\(^{90} \mathrm{Kr}\left(t_{1 / 2}=32 \mathrm{~s}\right)\) is used to study respiration. How soon after being made must a sample be administered to the patient if the activity must be at least \(90 \%\) of the original activity?

Half-life is a core concept in the study of radioactive decay. It represents the time required for half of the radioactive nuclei in a sample to decay. In our exercise, the half-life of \( ^{90} \text{Kr} \) is given as 32 seconds. This means that every 32 seconds, the amount of \( ^{90} \text{Kr} \) in the sample is reduced by half. Understanding this helps us predict how quickly a substance will lose its radioactivity.
Knowing the half-life allows us to calculate how much of the original material remains after a given period. For example, after one half-life (32 seconds), 50% of the original \( ^{90} \text{Kr} \) would remain. After two half-lives (64 seconds), only 25% would remain.
This principle is crucial for calculating the administration time needed to ensure the sample retains sufficient activity when used in medical applications.

Exponential decay describes the process in which the quantity of a radioactive substance decreases exponentially over time.
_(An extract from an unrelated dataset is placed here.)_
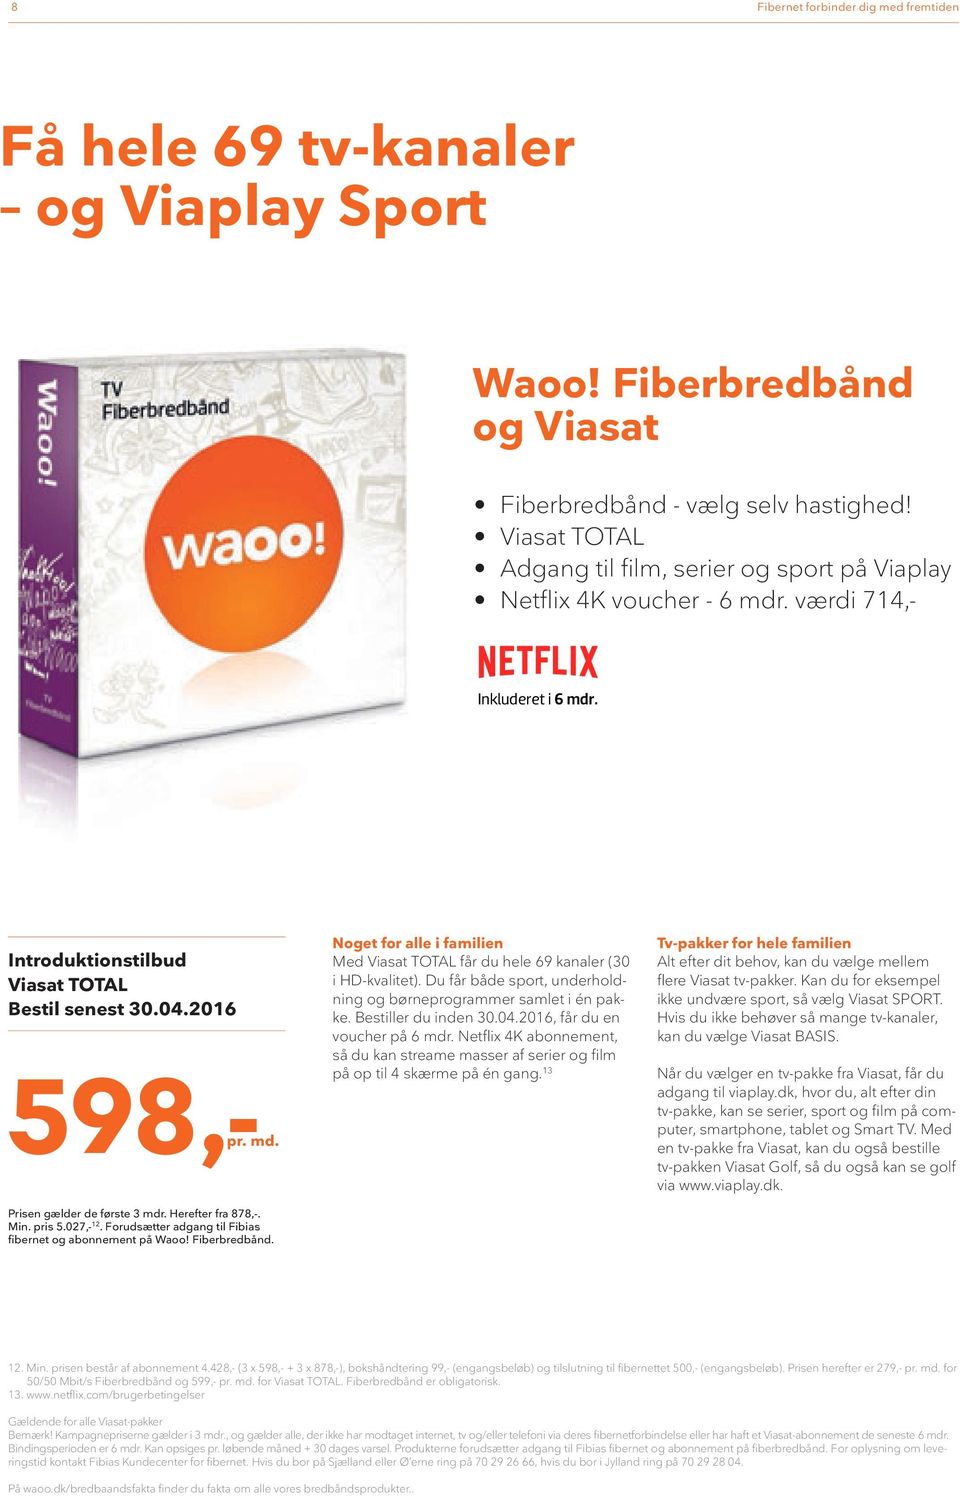 Forudsætter adgang til Fibias fibernet og abonnement på Waoo! Fiberbredbånd. Noget for alle i familien Med Viasat TOTAL får du hele 69 kanaler (30 i -kvalitet).

The formula used is: \( A(t) = A_0 e^{- \frac{t}{\tau}} \)
In this formula, \( A(t)\) is the activity at time \( t\), \( A_0 \) is the original activity, and \( \tau \) is the mean lifetime of the radioactive substance. The factor \( -\frac{t}{\tau} \) represents the fraction of the mean lifetime that has elapsed.
The exponential decay formula is essential because it provides a way to predict how the activity of a substance changes over time. This equation was used in the exercise to determine how long it takes for the activity to drop to 90% of its original value.

The decay constant, often denoted as \tau\, is a measure of the average lifetime or stability of a radioactive substance. It is calculated using the given half-life with the formula: \( τ = \frac{t_{1/2}}{\text{ln} 2} \)
For the given problem, where the half-life \( t_{1/2} \) is 32 seconds, we calculate \tau\ as follows: \( \tau = \frac{32 \text{s}}{0.693} \).
Using the value of \(\text{ln} 2 \) which is approximately 0.693, we find \( \tau \) to be about 46.14 seconds. This value was then used in the exponential decay formula to find the time needed for the activity to reduce to 90% of the original.

Activity retention refers to how much of the sample's activity remains after a certain period. In our exercise, we want to ensure that the sample retains at least 90% of its original activity when administered to the patient. To find out how long the sample can be allowed to decay while retaining at least 90% of its original activity, we use the relation:
\[ \frac{A(t)}{A_0} = e^{-\frac{t}{\tau}} = 0.9 \] Taking the natural logarithm of both sides, we have: \[ - \frac{t}{46.14 \text{s}} = \text{ln}(0.9) \] Knowing that \( \text{ln}(0.9) \) is approximately \( -0.1054 \), we solve for \( t \): \[ t = 46.14 \text{s} \times 0.1054 \] Which gives us \( t \) approximately 4.86 seconds.
Hence, the sample can be used for about 4.86 seconds after preparation to retain 90% of its original activity.